Statistics from Altmetric.com
If you wish to reuse any or all of this article please use the link below which will take you to the Copyright Clearance Center’s RightsLink service. You will be able to get a quick price and instant permission to reuse the content in many different ways.
The authors put forward an interesting response to detractors of black box algorithms. According to the authors, what is of ethical relevance for medical artificial intelligence is not so much their transparency, but rather their reliability as a process capable of producing accurate and trustworthy results. The implications of this view are twofold. First, it is permissible to implement a black box algorithm in clinical settings, provided the algorithm’s epistemic authority is tempered by physician expertise and consideration of patient autonomy. Second, physicians are not expected to possess exhaustive knowledge or understanding of the algorithmic computation by which they verify or augment their medical opinions. The potential of these algorithms to improve diagnostic and procedural accuracy alongside the quality of patient decision-making is undoubtedly a boon to modern medicine, but blind deference to them is neither feasible nor responsible, as several logistical and ethical quagmires noted by the authors still remain inherent in algorithmic software.
I concur with the authors on their central thesis concerning computational reliabilism.1 Properly designed algorithms fed properly vetted informational diets have demonstrated substantial gains in accuracy compared with human counterparts.i I see no prima facie reason why opacity alone ought to impugn their epistemic status. As the authors aptly note, physicians are already held responsible for operating machinery they do not fully understand (ie, MRI scans). Moreover, in cases where such machines malfunction, the supervising physician (or hospital) is held legally culpable. It seems then that an acceptable degree of epistemic opacity is already inherent in the administration of ordinary healthcare. Indeed, some might even make the stronger claim that physicians are somewhat opaque to themselves, insofar as the deeper neurological or heuristic mechanisms by which they come to particular medical opinions remain inaccessible.
While I grant physicians are epistemically and normatively justified in trusting properly supervised algorithms, and that it would be overdemanding to expect physicians to double as programmers or computer engineers, I do not share the authors’ confidence that the responsibility gap has been satisfyingly dispensed with.
The responsibility gap is often cashed out as a simple question of ‘who do we blame?’ with an emphasis on deciding who ought to pay restitution to the victim (ie, the hospital, the physician, the programmers, the parent company of the software, and so on). This is both a moral and a legal question. Even if one satisfies this question though (the authors consider the physician sufficiently accountable for algorithmic hiccups), it seems there is an essential condition of redress which remains impossible, namely the implementation of any systematic preventive measures against future recurrence. In the event of a mistake caused by an algorithm’s blind spot, could any procedure be put in place to ensure that future mistakes of the same sort do not repeat themselves?

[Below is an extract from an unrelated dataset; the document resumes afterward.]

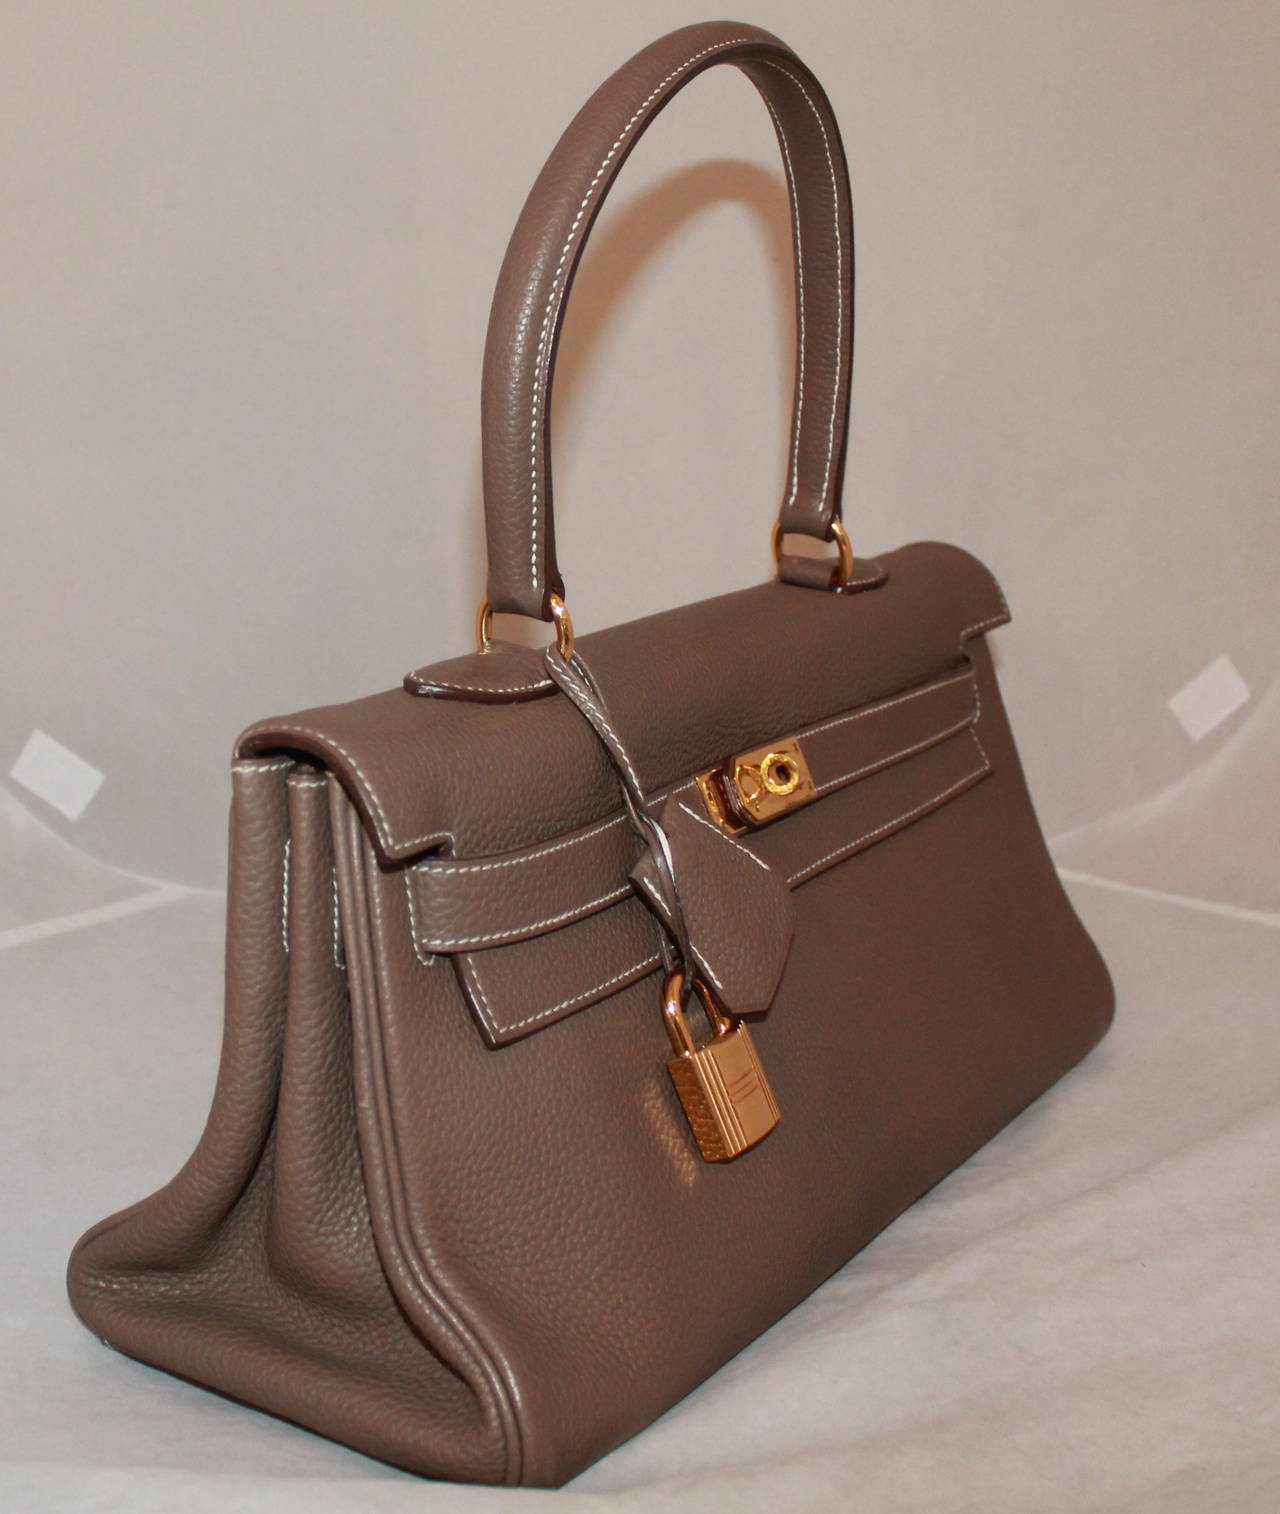 Hermes Etoupe Togo JPG II Shoulder Birkin GHW - circa 2009. The leather on this bag is in excellent condition, but the hardware on the front is scratched. It should be able to be buffed out if taken to Hermes for the spa treatment. Comes with duster

The golden standard of reducing medical errors, a systems-based approach, relies on identifying and remedying underlying factors which contribute to or increase the likelihood of a given error recurring. A systems approach is critically dependent on the ability to perform a thorough autopsy of the failure and devise an effective solution. This process threatens to become impossible when the algorithm principally responsible for causing the failure is opaque to postmortem investigation. In the case of black box algorithms, are we left to simply wring our hands and accept that the software is, say, 97% accurate, with an unidentified but statistically certain 3% of patients who will continue to be victims? Many algorithms relying on supervised learning adjust the weights assigned to particular variables in light of mislabelling a given input datum as a way of learning and improving over time. Nonetheless, it is possible this recalibration may not be sufficient to correct the flaw outright or in a timely manner (it may take many more repeats of the same mistake to calibrate accurately, and it may never properly calibrate).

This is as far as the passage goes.